Rete cristiana per l’ambiente: un futuro di speranza

Chiusa la 12° assemblea “Ecen”. Sfida ai governi e alle chiese per la giustizia economica ed ecologica

Si è chiusa il 10 ottobre a Katowice (Polonia) la 12ª Assemblea della Rete cristiana europea per l’ambiente (Ecen) dal titolo “Sulla via della giustizia economica ed ecologica”.

L’Assemblea ha riunito 85 protestanti, anglicani, ortodossi e cattolici da 22 Paesi e ha prodotto un messaggio finale che si rivolge ai governi, ai decisori politici, alle chiese e alle comunità di fede affinché si impegnino immediatamente a ridurre le emissioni di gas serra per allinearsi ai dati scientifici, per un futuro sostenibile.  «Nessuna scusa è accettabile.
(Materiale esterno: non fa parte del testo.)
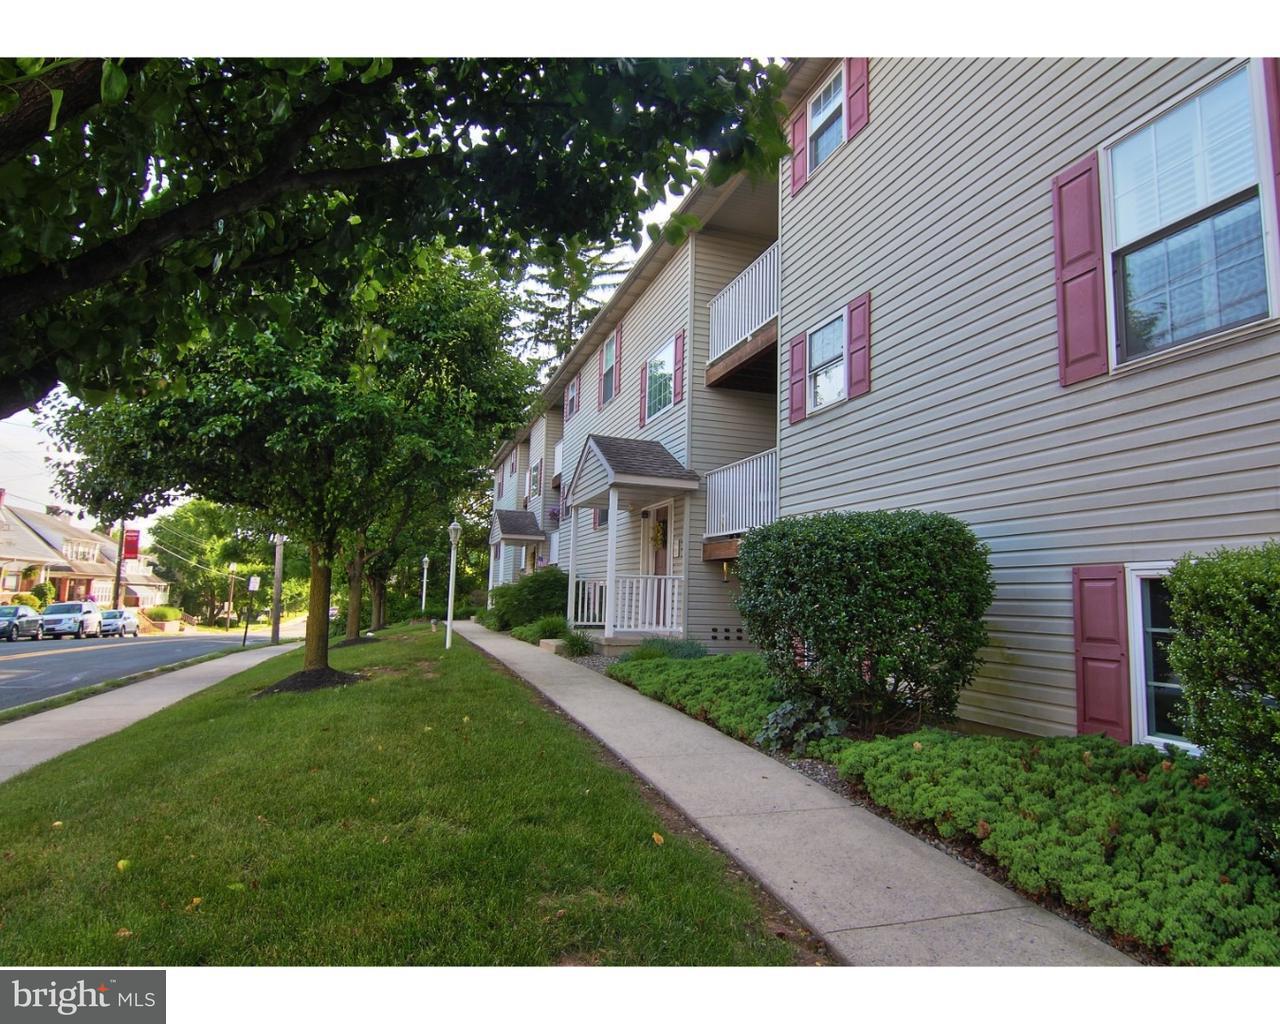 Частный односемейный дом для того Аренда на 377 S READING Avenue Boyertown, Пенсильвания 19512 Соединенные Штаты
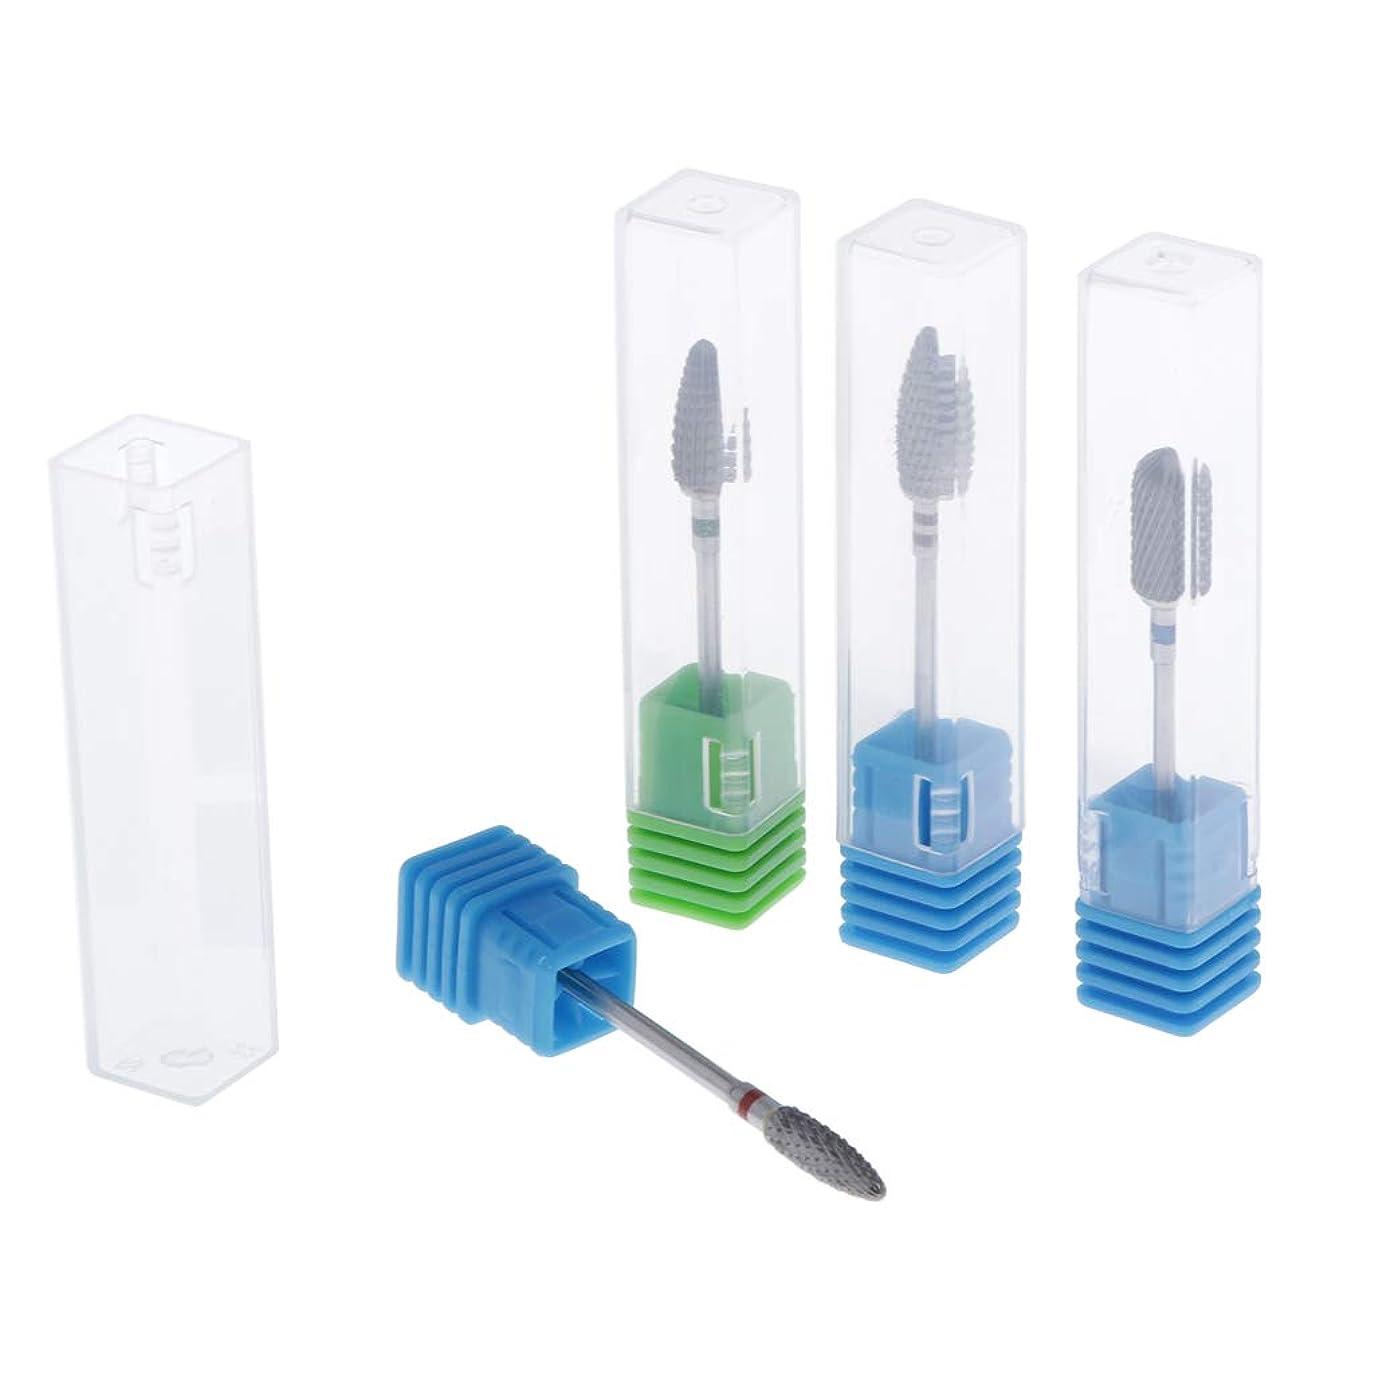 T TOOYFUL 陶磁器ドリルビット ネイルドリルビット ロータリーファイル 研削ネイル 切削工具 耐摩耗性 4個入

In vista della prossima conferenza sul clima delle Nazioni Unite (COP 24) chiediamo un piano d’azione visibile e determinato da parte di tutti i governi», si legge nel documento che continua sollecitando un ampio dialogo nella società per «realizzare stili di vita più sostenibili ed equi, rispettare il creato, promuovere una transizione giusta verso una economia a bassa emissione di carbonio». La sfida ecologica è prioritaria e richiede lo sviluppo di “risorse teologiche e liturgiche per la cura del creato” anche nei contesti ecumenici.

In occasione dell’Assemblea è stato festeggiato il 20° anniversario dell’Ecen. «Possiamo testimoniare che in Europa c’è un movimento crescente di chiese verdi ed eco-comunità – scrivono gli organizzatori a chiusura dei lavori -. In vent’anni ci sono stati cambiamenti epocali per effetto del nostro uso delle risorse naturali… abbiamo visto una perdita di biodiversità e habitat nel mondo di tale portata da essere definita dagli scienziati “estinzione di massa”. […]  Sono necessari cambiamenti rapidi, radicali e senza precedenti per ridurre l’emissione di gas serra».

In rappresentanza della Commissione globalizzazione e ambiente (Glam) della Federazione delle chiese evangeliche in Italia (Fcei), hanno partecipato all’Assemblea Antonella Visintin Rotigni e Pierpaolo Nunzio. «Uno spazio importante è stato dedicato ai gruppi di lavoro su educazione, teologia, comunità in transizione e stili di vita, eco-management, biodiversità, cambiamento climatico – ha riportato Visintin in una relazione sui lavori dove, fra l’altro, sono stati ricordati i due principali pellegrinaggi partiti verso la COP 24: quello da Bonn e quello da Roma – mentre un ragazzo norvegese si sta avviando a Katowice in bicicletta. Sono stati inoltre premiati tre progetti ambientali innovativi in memoria di Roman Juriga, componente dell’Ecen mancato nel 2015, e sono state presentate iniziative nazionali quali il programma di riciclo a Volos (Grecia) che realizza borse da vestiti usati e la costruzione di una ‘cattedrale della speranza’, un tempio non connotato religiosamente, realizzato in legno e con il tetto di plastica raccolta sulle spiagge della Norvegia».